The Oria /eu/ is a river in the Basque Country at the north of the Iberian Peninsula. It's one of a series of Basque rivers flowing into the Bay of Biscay (Atlantic basin) and the main river of the province Gipuzkoa in volume (25.6 m^{3}/s), length (75 km) and basin (882.5 km^{2}), the main feature of these rivers aligned south to north being their shortness. The maximum elevation at the source is 1,260 m, while at its lowest height the tidal influence extends inland up to Usurbil (estuary).
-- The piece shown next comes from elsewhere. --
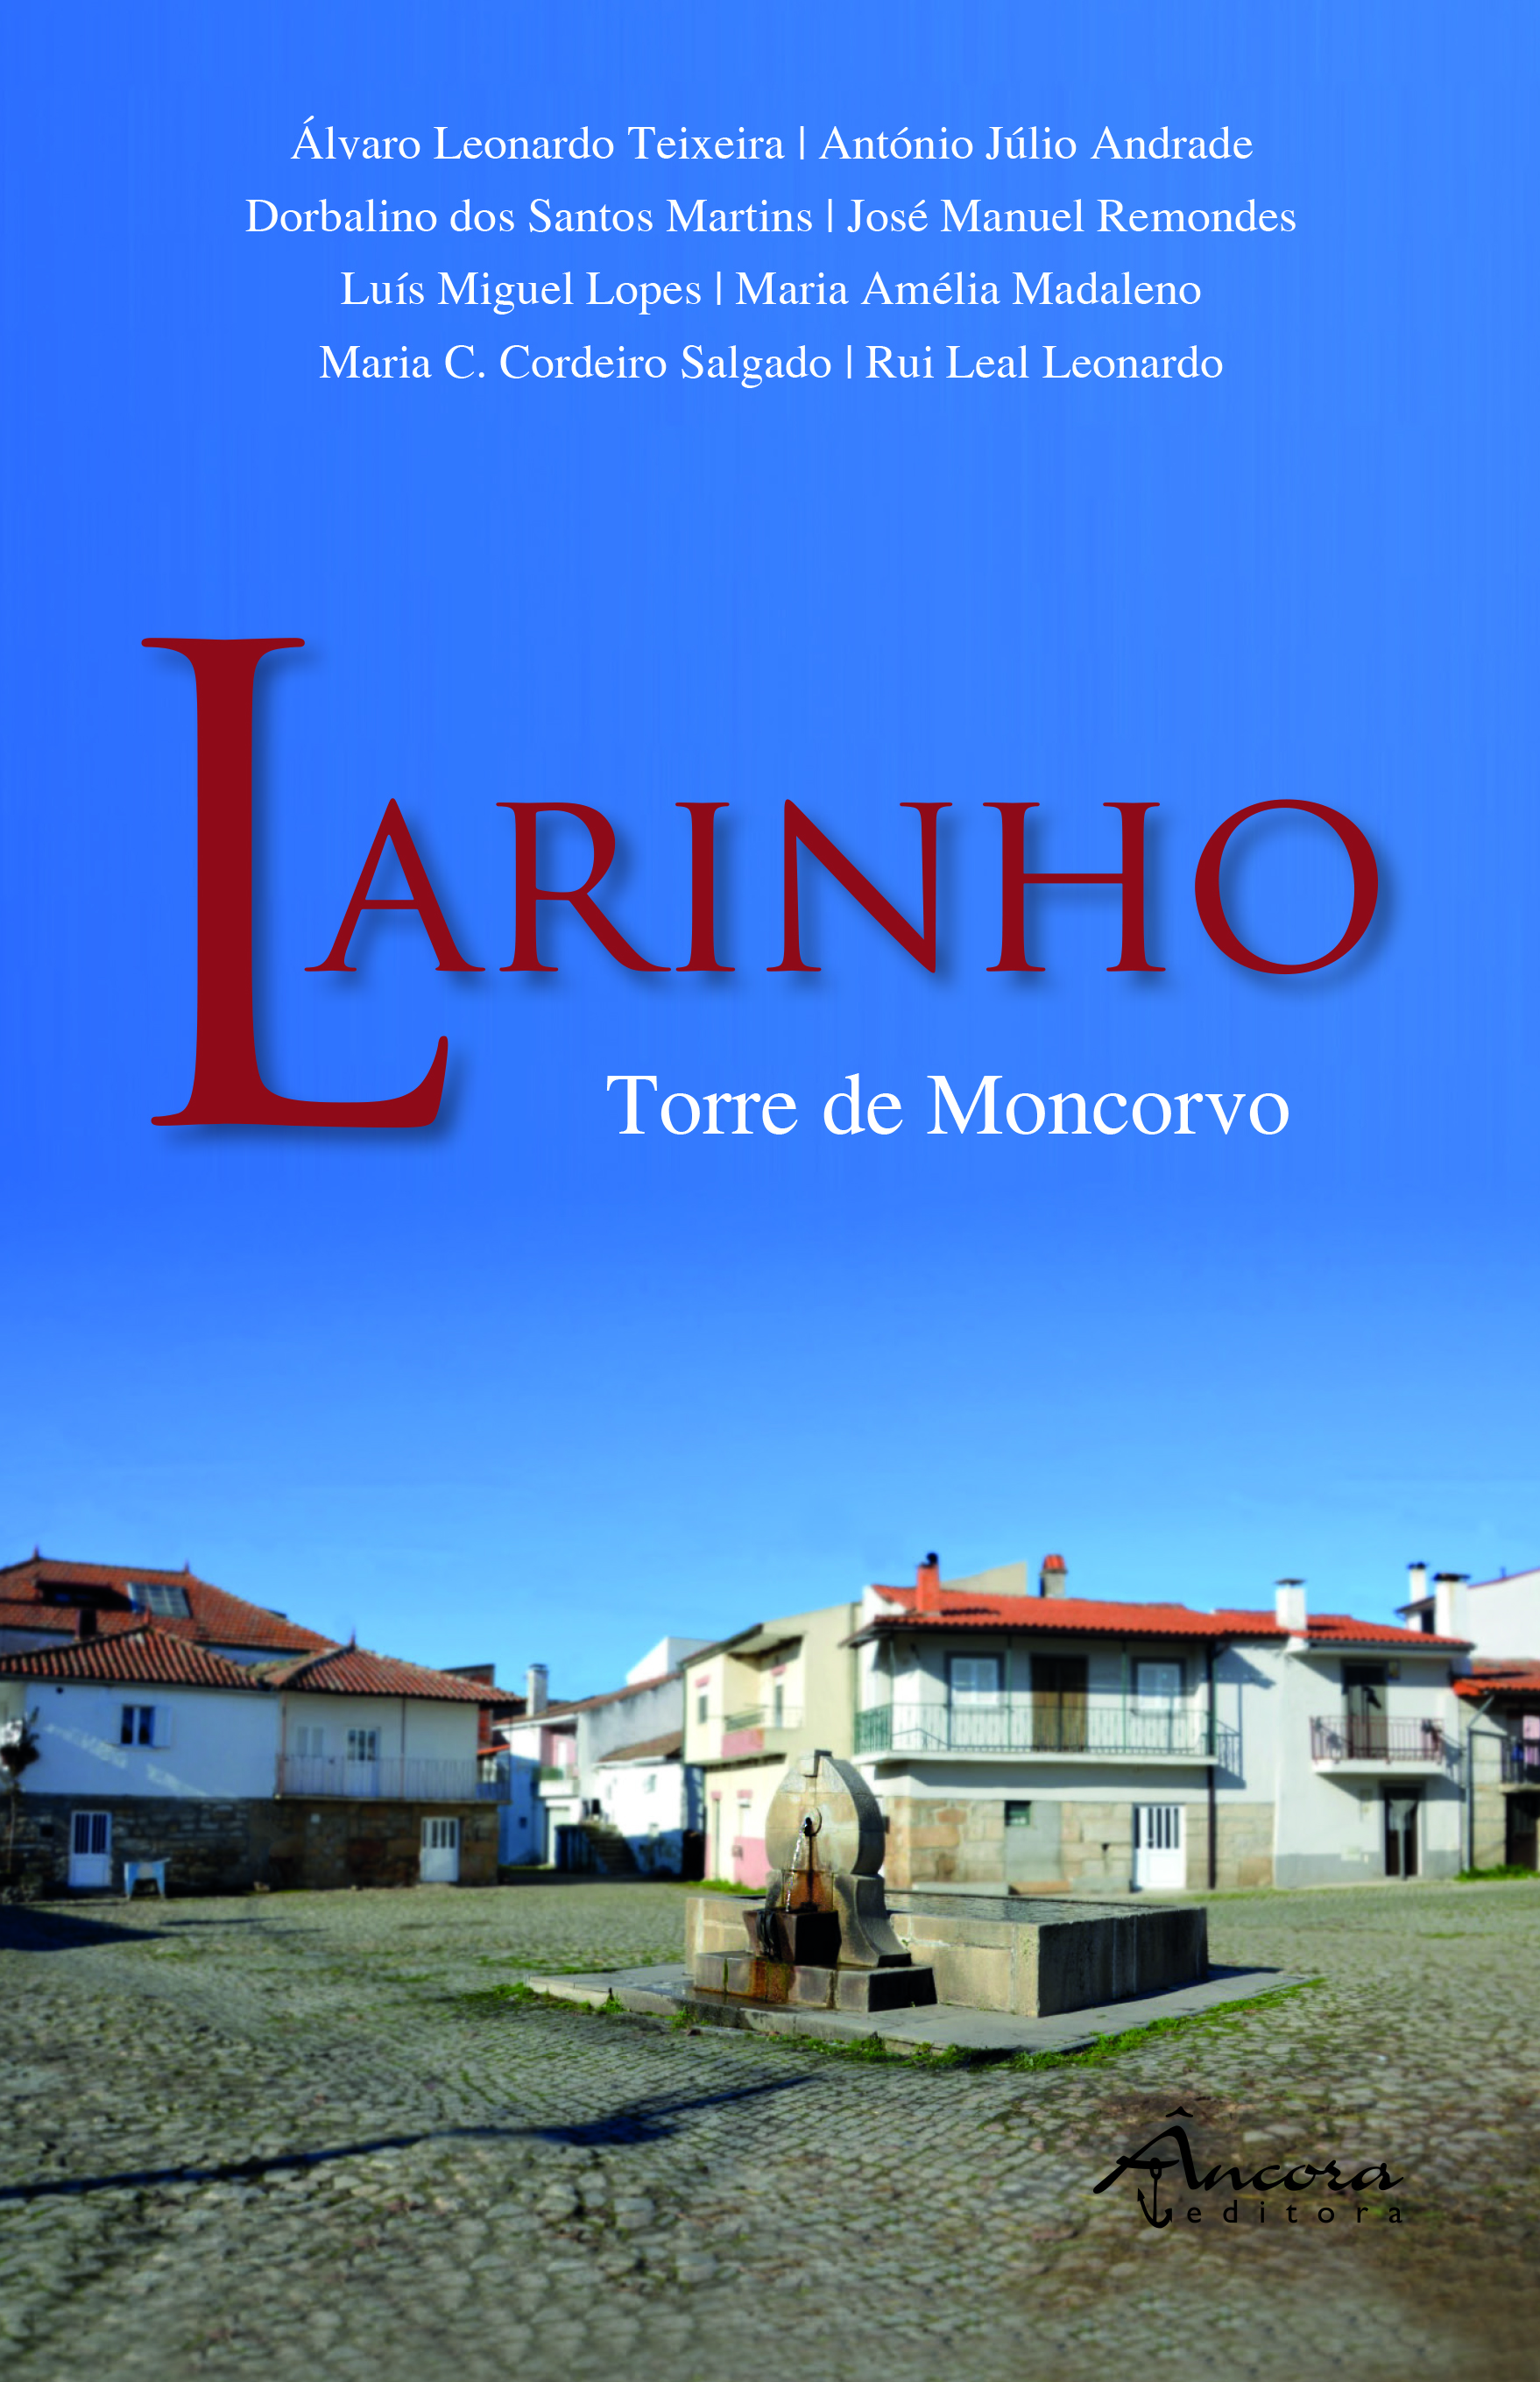 Larinho - Torre de Moncorvo

On this final stretch, many marsh and wetland strips dotted the banks of the Oria, although some of them have been drained for agricultural and building purposes.
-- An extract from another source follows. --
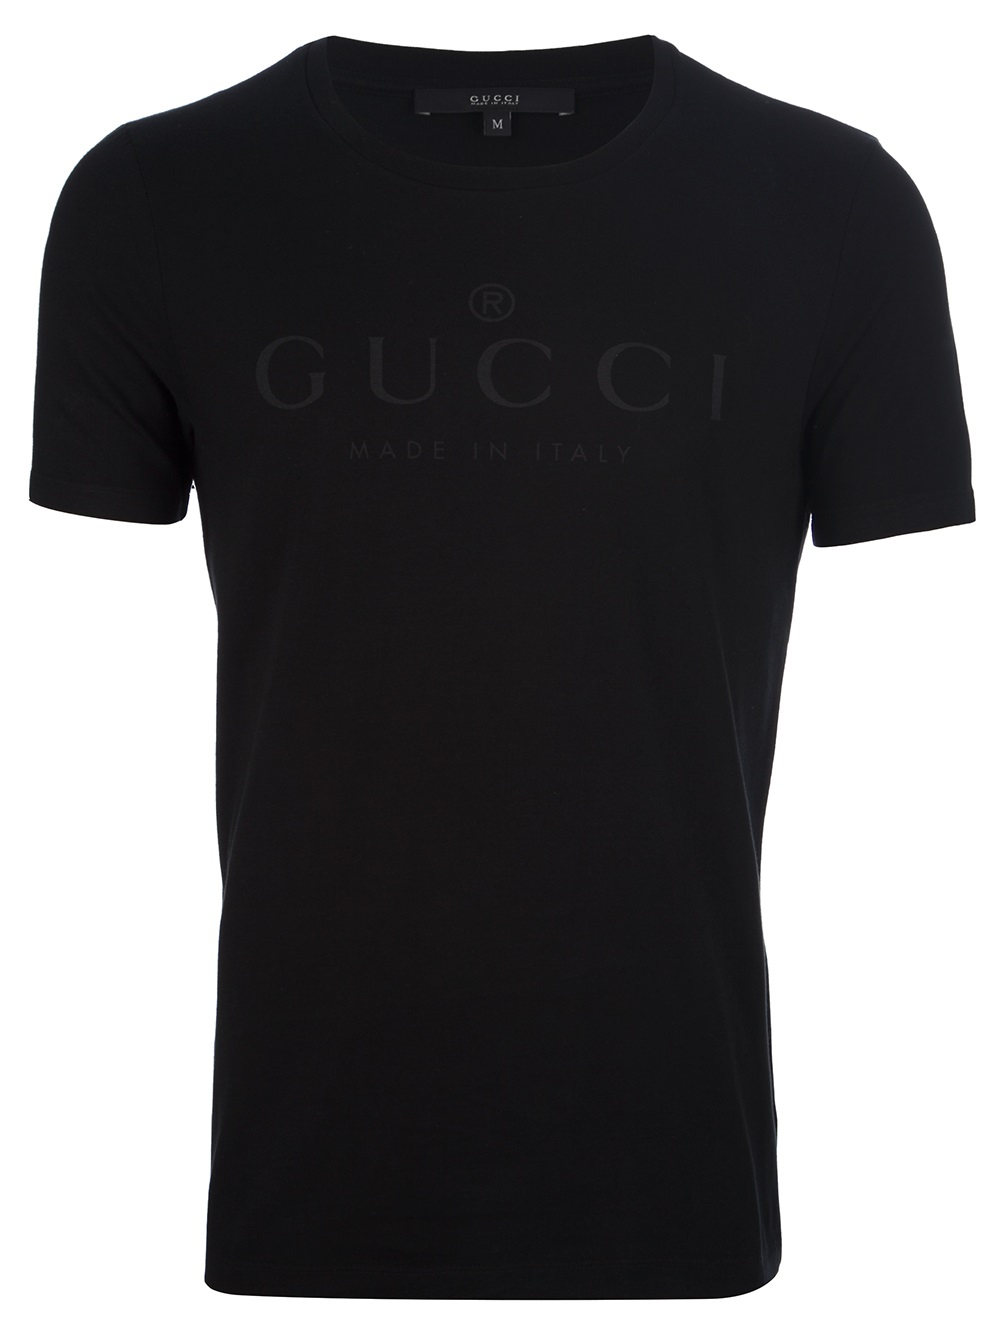 black gucci shirt mens

The river rises at the south of the municipality of Zegama near the hamlet of Otzaurte and the San Adrian tunnel, harvesting the waters of the north-eastern side of the mountain range Aizkorri, so the river results from the merging of several streams. The first town it crosses is the very nucleus of Zegama, with other major towns of Gipuzkoa being located on the river, e.g. Beasain, Ordizia, Tolosa, Andoain, Lasarte-Oria, Usurbil and finally Orio at the mouth. From Lasarte-Oria to Orio, the sinuous and traffic laden coastal road N-634 winds along.

The Oria is a central river and an important axis for the province of Gipuzkoa. The major road A-1 (European route E-5 E-80) runs along the Oria most of the time, as well as the Spanish Northern Railway, right from its rise on the slopes of Aizkorri. Its watershed holds a population of 128,000 inhabitants, most of the lowland being heavily inhabited, while the area of its southernmost stretch is sparsely populated.

==Environmental condition and fauna==
The banks of the river were intensely industrialized starting in the middle of the 19th century and later; the river grew conspicuously polluted up to the 1980s, with almost all its river fauna becoming extinct. At that point, its environmental situation began to revert, the river showing currently a healthy condition. There exists an unstable trout population downstream of Andoain, while other fish prevail and remain steady, i.e. Cyprinidae such as barbel (Barbus graellsi), ezkailu (Phoxinus phoxinus) and ray-finned fish (Chondrostoma toxostoma arrigonis). A stretch of the estuary by the village Aginaga is known for its baby eels, bred and harvested for human consumption before they grow up, providing for a much appreciated and dearly paid delicacy, while they were totally neglected just some decades ago.

==Main tributaries==
There are several streams and small rivers flowing into the Oria. The main tributaries are Leitzaran in Andoain and Araxes in Tolosa.